The main capOS lessons are:

- Typed Cap'n Proto RPC is a practical production bridge for systems written in
  Go/Rust/C++ and JavaScript, not merely historical prior art.
- Object-capability RPC can be a normal developer-facing API, not just a
  kernel/protocol mechanism. Workers RPC and Cap'n Web both expose object
  references, functions, promise pipelining, and capability-style security.
- Production systems distinguish the core runtime from the full security
  product. `workerd` is open source and capability-shaped, but Cloudflare warns
  that it is not by itself a complete secure sandbox.
- Cap'n Proto RPC remains resource-exhaustion-sensitive. capOS must add its
  own quota/resource-ledger discipline at every remote-capability boundary.
- Cap'n Web shows a separate web-facing branch of the same design family:
  schema-free, JSON-based, TypeScript-friendly, HTTP/WebSocket/postMessage
  transports, but still object-capability RPC with promise pipelining.

## Source Map

Primary sources read:

- Kenton Varda's Cloudflare author archive, used as the inventory of his posts.
- Cap'n Proto FAQ and Cap'n Proto 0.9 release notes.
- Cloudflare blog posts:
  - "Durable Objects in Dynamic Workers: Give each AI-generated app its own database"
  - "Sandboxing AI agents, 100x faster"
  - "Code Mode: the better way to use MCP"
  - "Introducing workerd: the Open Source Workers runtime"
  - "We've added JavaScript-native RPC to Cloudflare Workers"
  - "Why Workers environment variables contain live objects"
  - "Building Cloudflare on Cloudflare"
  - "Cap'n Web: a new RPC system for browsers and web servers"
  - "Eliminating Cold Starts 2: shard and conquer"
  - "Zero-latency SQLite storage in every Durable Object"
  - "Durable Objects: Easy, Fast, Correct -- Choose three"
  - "Dynamic Process Isolation: Research by Cloudflare and TU Graz"
  - "Mitigating Spectre and Other Security Threats: The Cloudflare Workers Security Model"
  - "Introducing lua-capnproto: better serialization in Lua"
- Cloudflare developer docs:
  - Workers RPC
  - Workers RPC visibility/security model
  - Durable Objects overview
  - Dynamic Workers bindings

## Cloudflare and Kenton Varda

The Cap'n Proto FAQ says Cloudflare Workers is led by Kenton Varda and that
Workers heavily uses Cap'n Proto.
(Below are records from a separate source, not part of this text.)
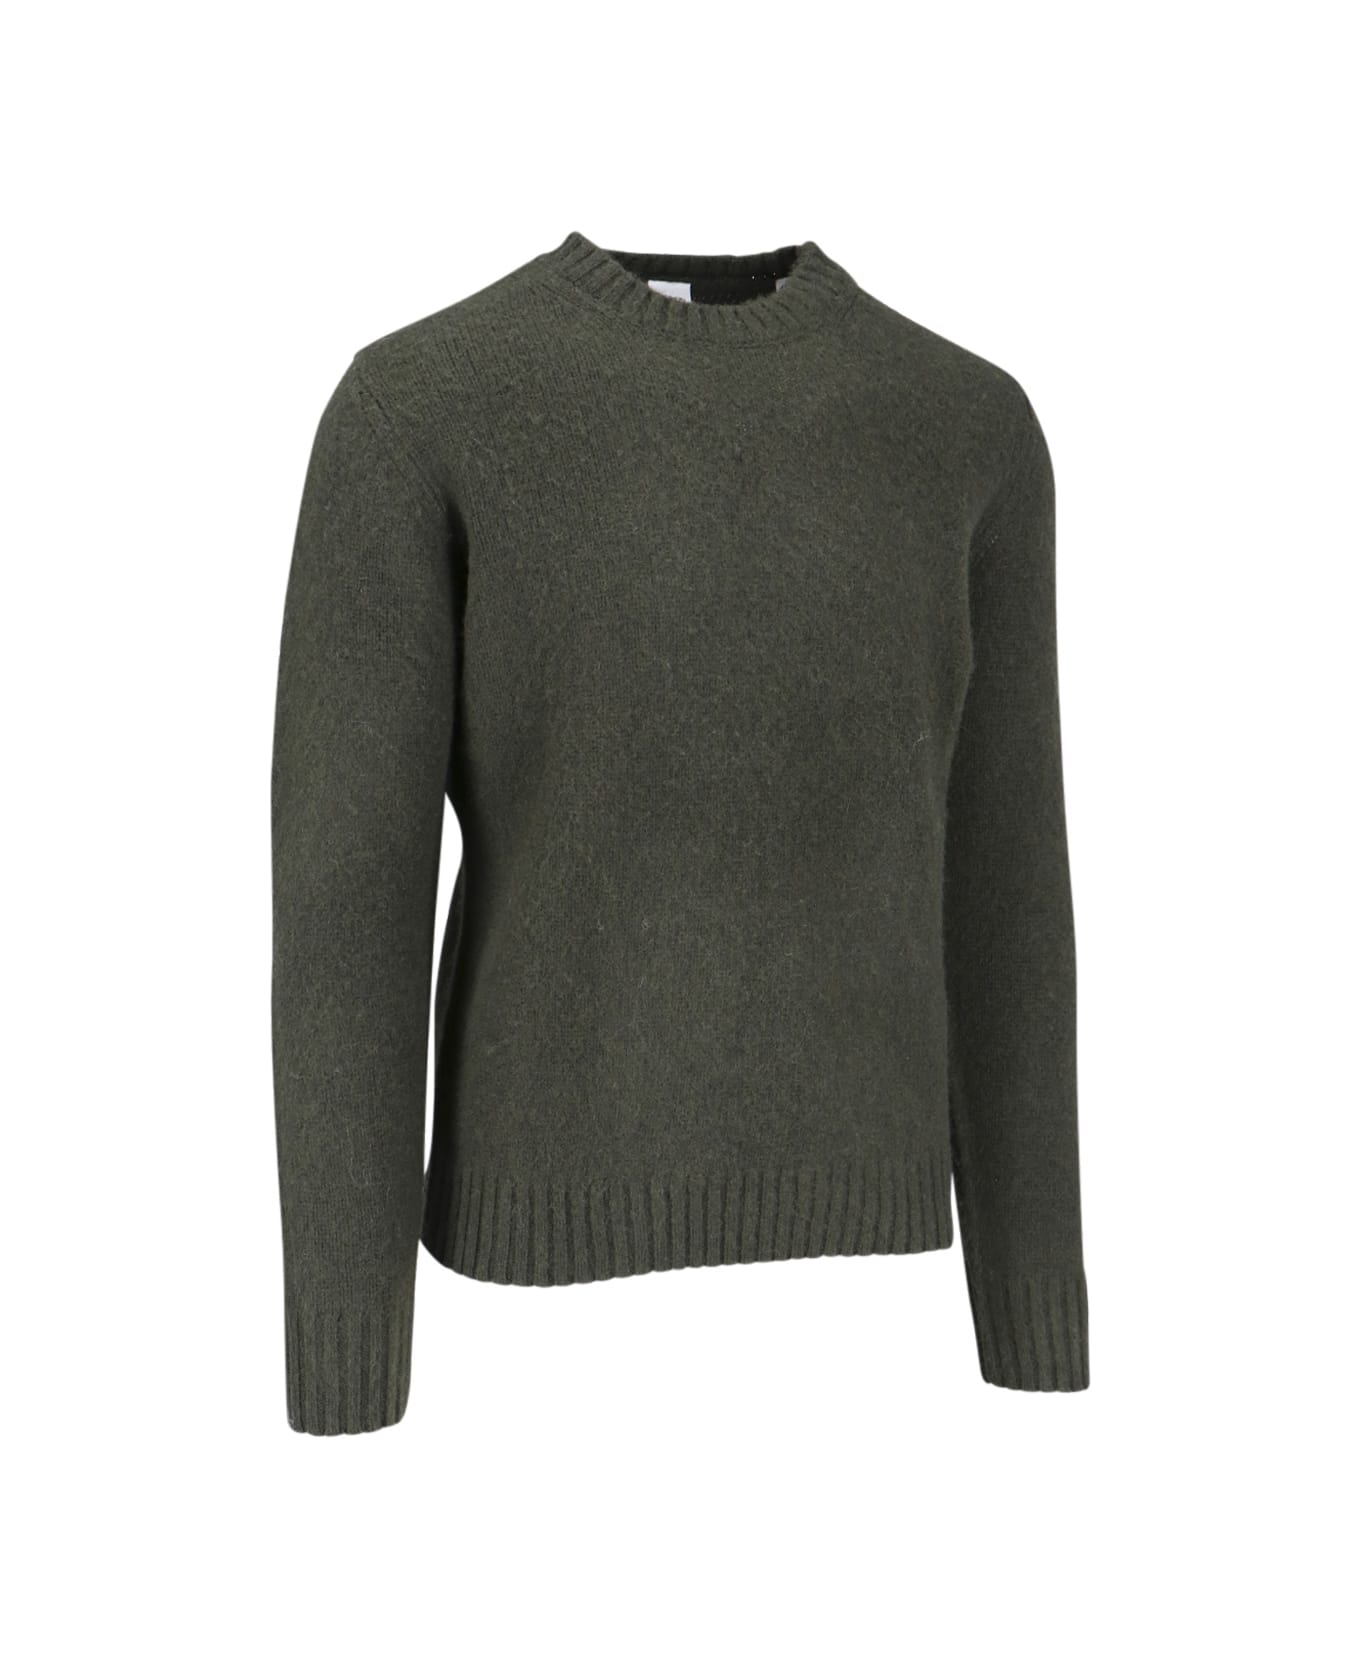 Aspesi 'm183' Sweater - MILITARY GREEN ニットウェア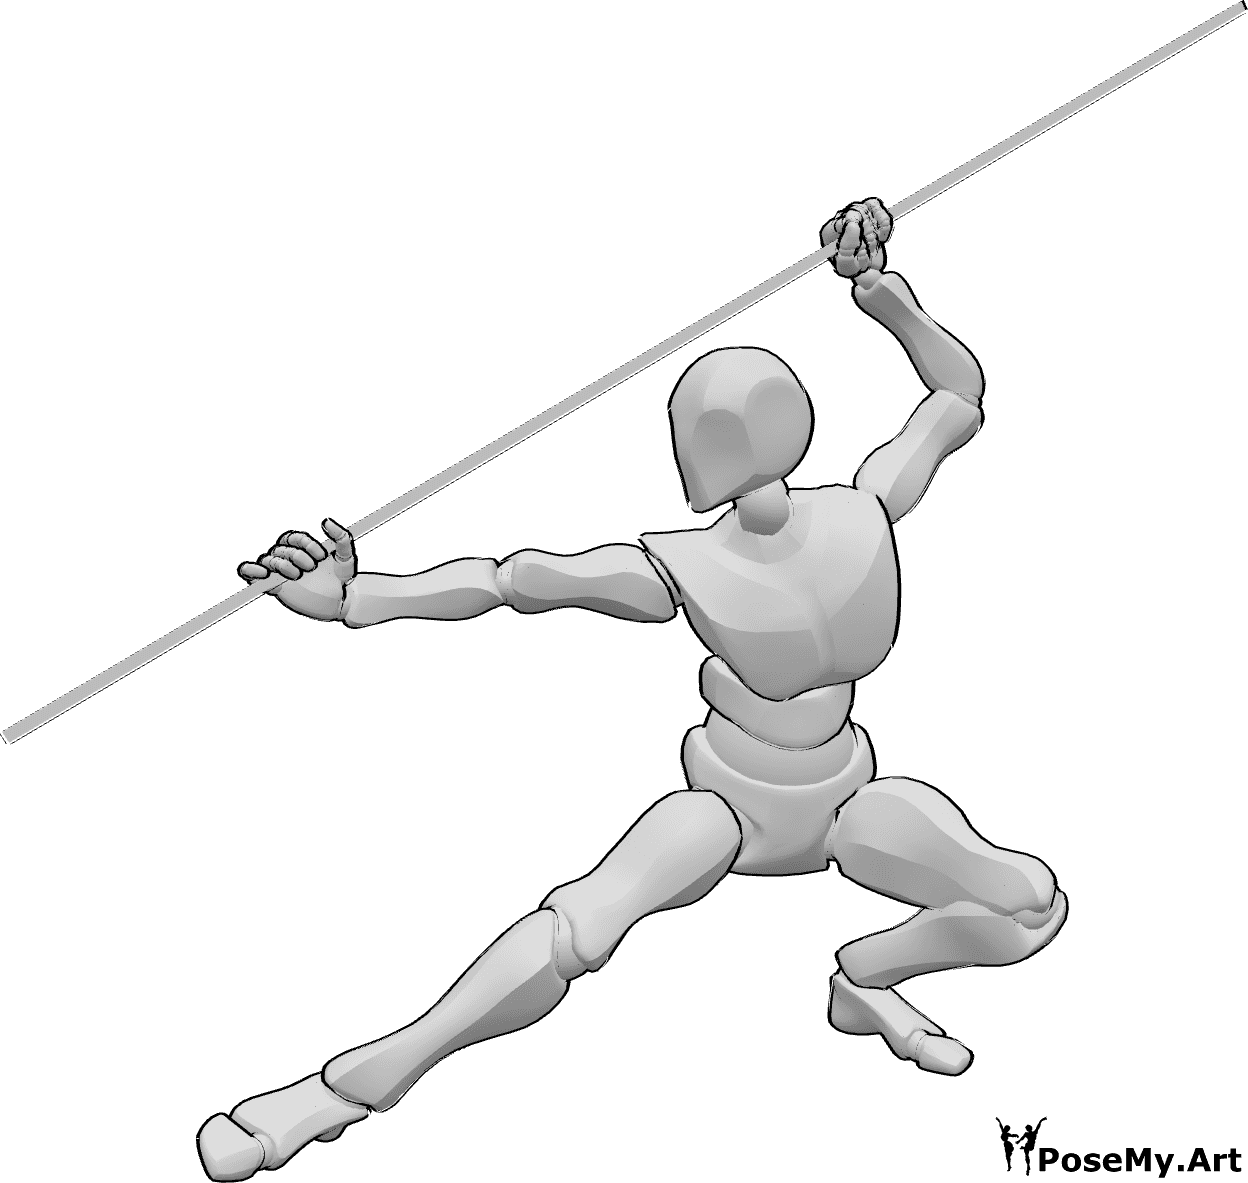 Referencia de poses- Varón sujetando bastón posa - Varón sosteniendo un bastón pose kung fu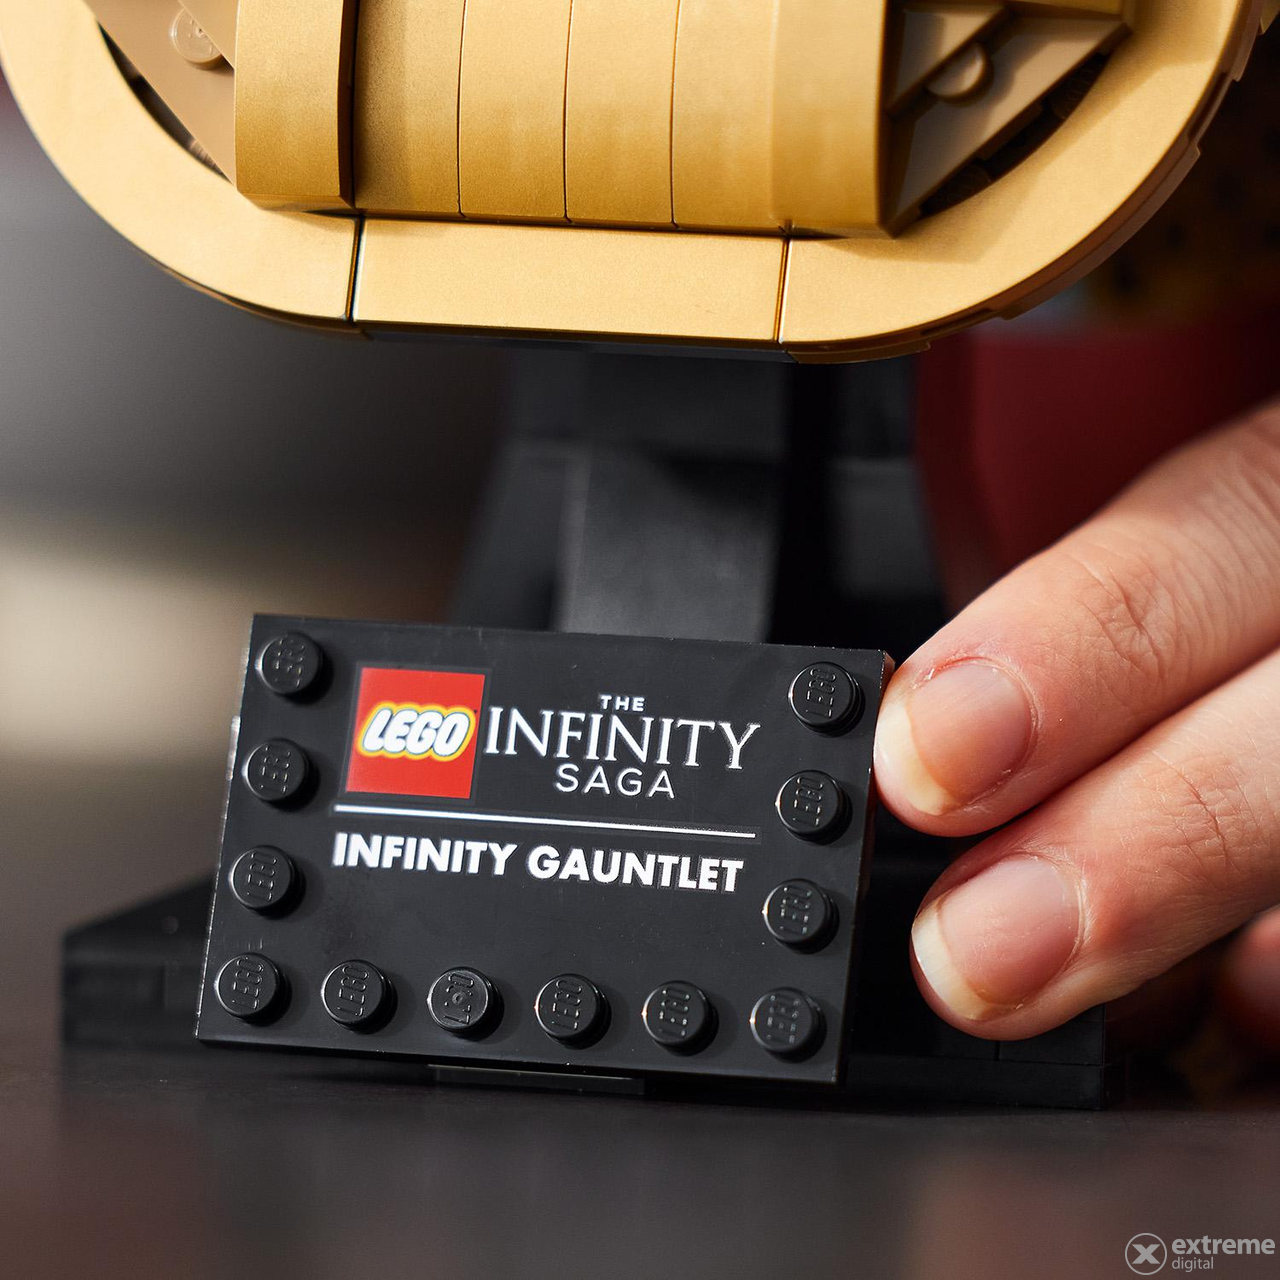 LEGO® Super Heroes 76191 Infinity Gauntlet

It also says the Cloudflare Workers team is
now the primary developer and maintainer of Cap'n Proto's main C++
implementation.

The Cap'n Proto 0.9 release notes state that Cap'n Proto development had become
primarily driven by Cloudflare Workers. At that point Workers had already moved
from mostly using KJ to heavily using Cap'n Proto RPC for Durable Objects.

For capOS, Cloudflare is strong evidence that:

- Cap'n Proto RPC is still a living system, not only Sandstorm-era history.
- KJ's async/runtime design matters because it is deployed in Workers.
- Cap'n Proto's object-capability RPC model is compatible with large-scale
  production infrastructure, but only with additional platform hardening and
  resource controls.

The full author archive also includes posts that are not Cap'n Proto-specific
but are relevant to capOS architecture:

- live object bindings as capability-shaped environment entries
- Workers security and Spectre mitigation
- Dynamic Process Isolation research with TU Graz
- Durable Objects as single-threaded colocated compute/storage actors
- Dynamic Workers for fast disposable isolate sandboxes
- Code Mode for having agents write code against typed APIs rather than emit
  direct tool calls

## workerd

`workerd` is Cloudflare's open-source JavaScript/Wasm runtime, sharing most of
the code that powers Cloudflare Workers. It is designed as a server runtime for
Workers-compatible applications, local testing, and programmable proxy use
cases.

Cloudflare explicitly warns that `workerd` alone is not a secure sandbox for
untrusted code. The Workers service adds environment-specific hardening,
including V8 patch automation, risk-profile separation, kernel features, and
resource-limit enforcement. The project is also not an independent governance
surface: Cloudflare Workers priorities drive the repository, and internal
interfaces may churn.

capOS implications:

- Borrow the shape, not the whole product. A capOS userspace JavaScript/Wasm
  runtime can learn from `workerd`, but must not assume `workerd` alone provides
  OS-grade isolation.
- Treat runtime internals as unstable unless pinned. If capOS embeds or adapts
  `workerd`, the trusted-build-input and upgrade policy must account for churn.
- Keep the capOS kernel/resource model as the isolation and quota authority;
  runtime-level object capabilities are an additional layer.

## Live Object Bindings

Cloudflare Workers environment variables are not only strings. Bindings are
live objects scoped to a specific Worker's `env` parameter. A Worker cannot
reach a protected service by guessing a URL or global name; it must hold the
binding object. The post explicitly compares this to capability-based security:
the binding designates a resource and confers permission to access it, is not
in a global namespace, and must be invoked explicitly.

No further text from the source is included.